Digital Camcorders Hi8
whats the difference between digital video and Hi8 camcorders, and whats the best program to edit each with?
Hi 8 is analog. A full video signal is recorded on the tape (2 hours).
Digital is digital. Numbers are recorded on the same tape by the same mechanism (1 hour worth).
Think of the difference between and AUDIO MUSIC CASSETTE and a CD.
No hiss. Better sound quality. More stablity to the program.
Analog Hi 8 delivers 400+ lines of resolution. Digital delivers 500 – 530 lines. The average TV set today can see about 600 lines. HDTV is 1,000+ lines.
Analog superimposes the color over the monochrome picture at 180 angles and reduces the signal from 4 Mhz down to a lot smaller, so it can be packed on to 8mm tape at 2 IPS. In the process of encoding and decoding this signal you get color impurities, cross talk and what is called time base errors. This is where the monochrome image is flopped on the screen and the red and blue colors are not lined up equally for each line and can even shift from frame to frame, causing a shimmy you can see.
Audio generally recorded mono.
Digital records audio in stereo as Dolby, dbx or PCM and it is of CD quality. The picture image is converted to MPEG2 (moving JPEGs) standards and encoded as a YIQ compressed image file. This is what is converted to numbers on your tape, just like MP3 music files or JPEG pictures are stored on your computer.
Upon play back the YIQ image files are converted back to analog TV images just as faithfully as any picture stored on your computer is converted back for viewing. There is virtually no shimmy or time base errors, although there are what can be termed compression ARTIFACTS (blobs of gray ick or hair like pixels in whites, fringes between strong colors such as red and blue, making a little magenta here and there for one or two pixels).
You usually can’t see these artifcats at distances.
When you record something with a Digital camcorder and play it back it looks virtually the same as what you saw on the view screen.
When you play back an analog Hi8 image it starts looking muddy, soft and generated the moment you play it back. It doesn’t look nearly as clear as what you saw on the LCD screen.
As for editing, the same software works for both on a computer, but you will need a capture card for Hi 8, while only a FireWire or USB for digital transfers.
You will be using the composite outs from the Hi 8 (possibly an S-Video out if it is a Sharp or Canon Hi 8). Your capture card then filters out the two colors from the monochrome picture and converts this to either an MPEG2 or AVI file.
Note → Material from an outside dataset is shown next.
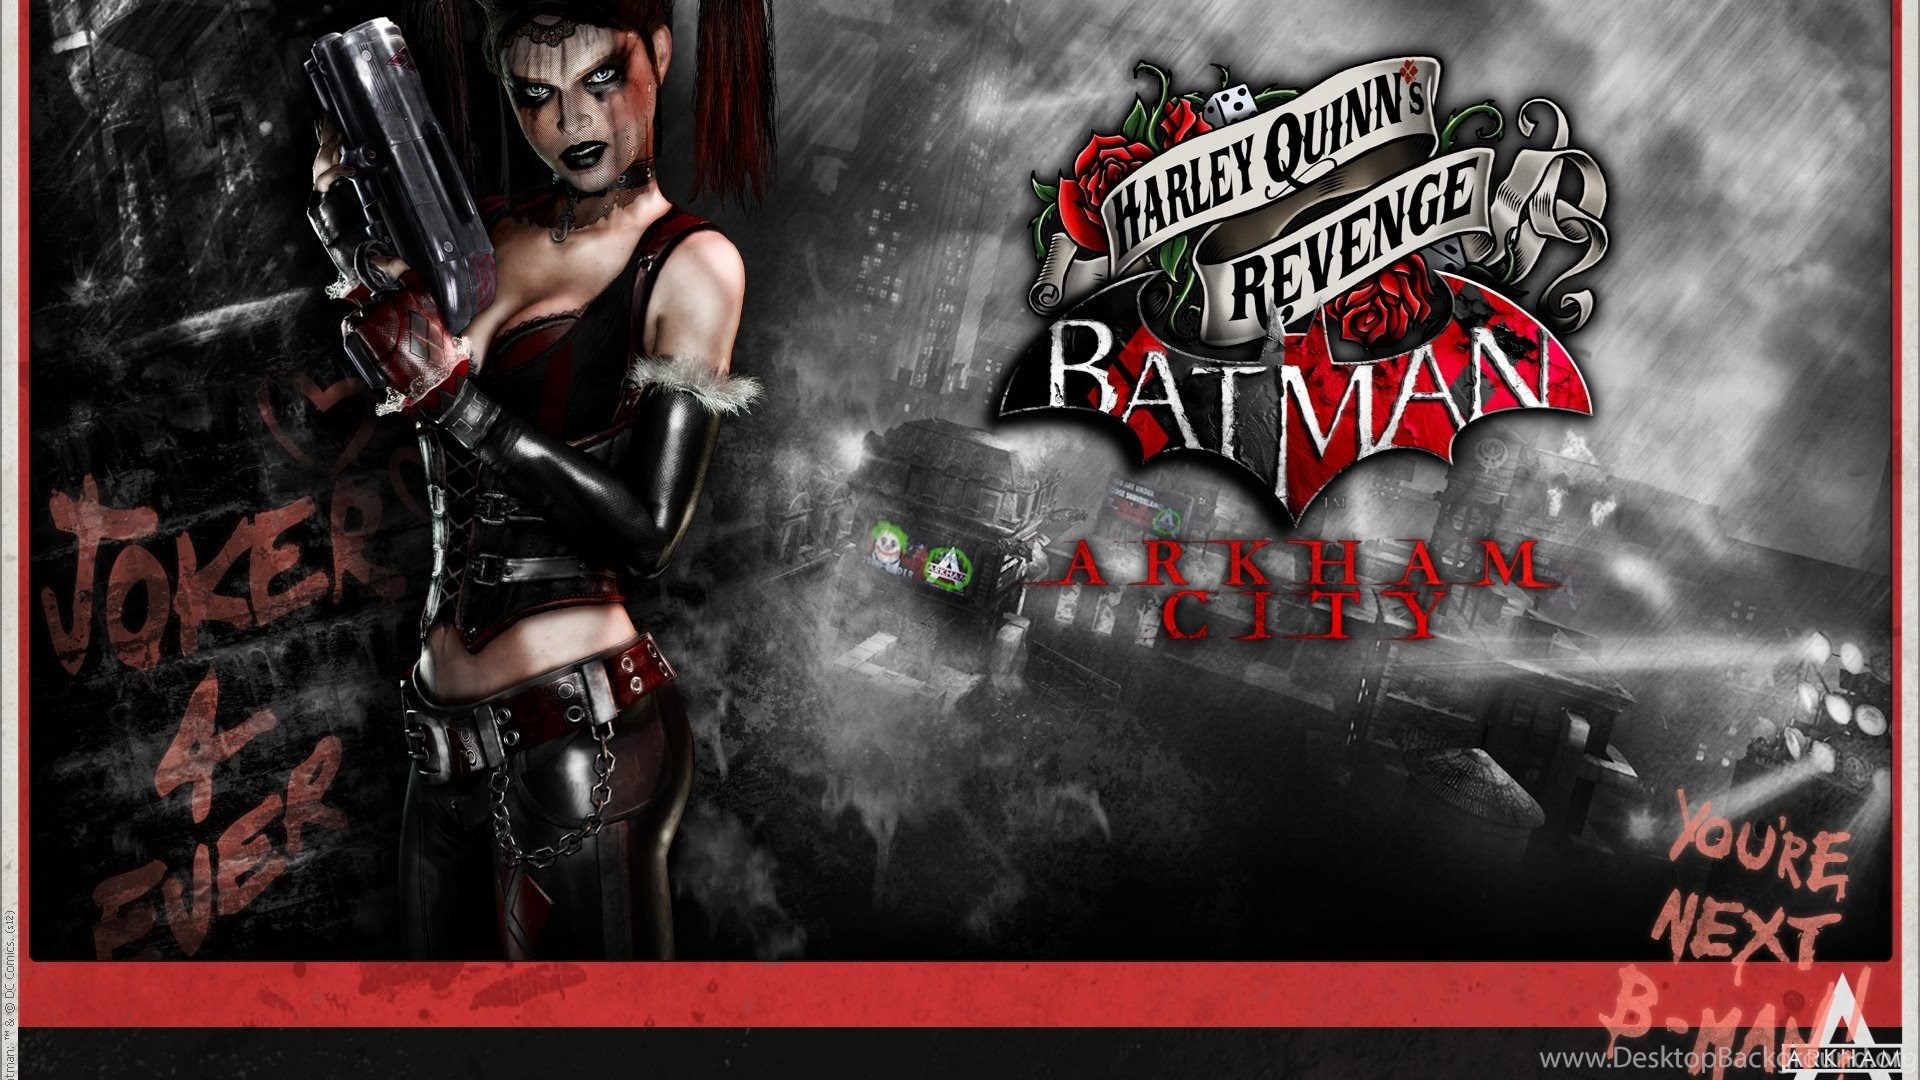 Arkham Knight Harley Quinn Wallpapers Desktop Background

In the case of a digital transfer, it is a straight transfer from the camcorder to the hard drive, with no conversions, except for maybe some file type infomration added by the software. It is already in MPEG2 format, which can be edited in most software or easily converted to AVI for editing.
AVI has better compression than MPEG2. MPEG2 is the DVD standard.
AVI files are much larger, about twice or three times the size of MPEG2 files.
AVI files are sharper and have less artifacts.
Microsoft and Apple market some free software for editing and mastering, but you need a Windows XP or Mac OS10 system. Such software has been included for the last year.
You have to have a fast system to transfer and edit. Generally a P3 or P4 Intell, at 1GHz or higher, with an S-ATA, SCSI or ATA100 DMA drive, a fair amount of RAM (256 or better) and lots of hard drive space.
I recomend a dedicated D or E drive with at least 100 GB or a removable drive.
Capture cards for analog are priced from $100 to $4,000 but you can find a lot for under $250 and they include software.
Studio Deluxe is easy to use and comes with Pinnacle and ATI cards.
PRemier is very well liked, but get a full edition (new or old) not a Lite or Demo.
I found Premier and Vegas Video to be harder to work with than Studio Deluxe.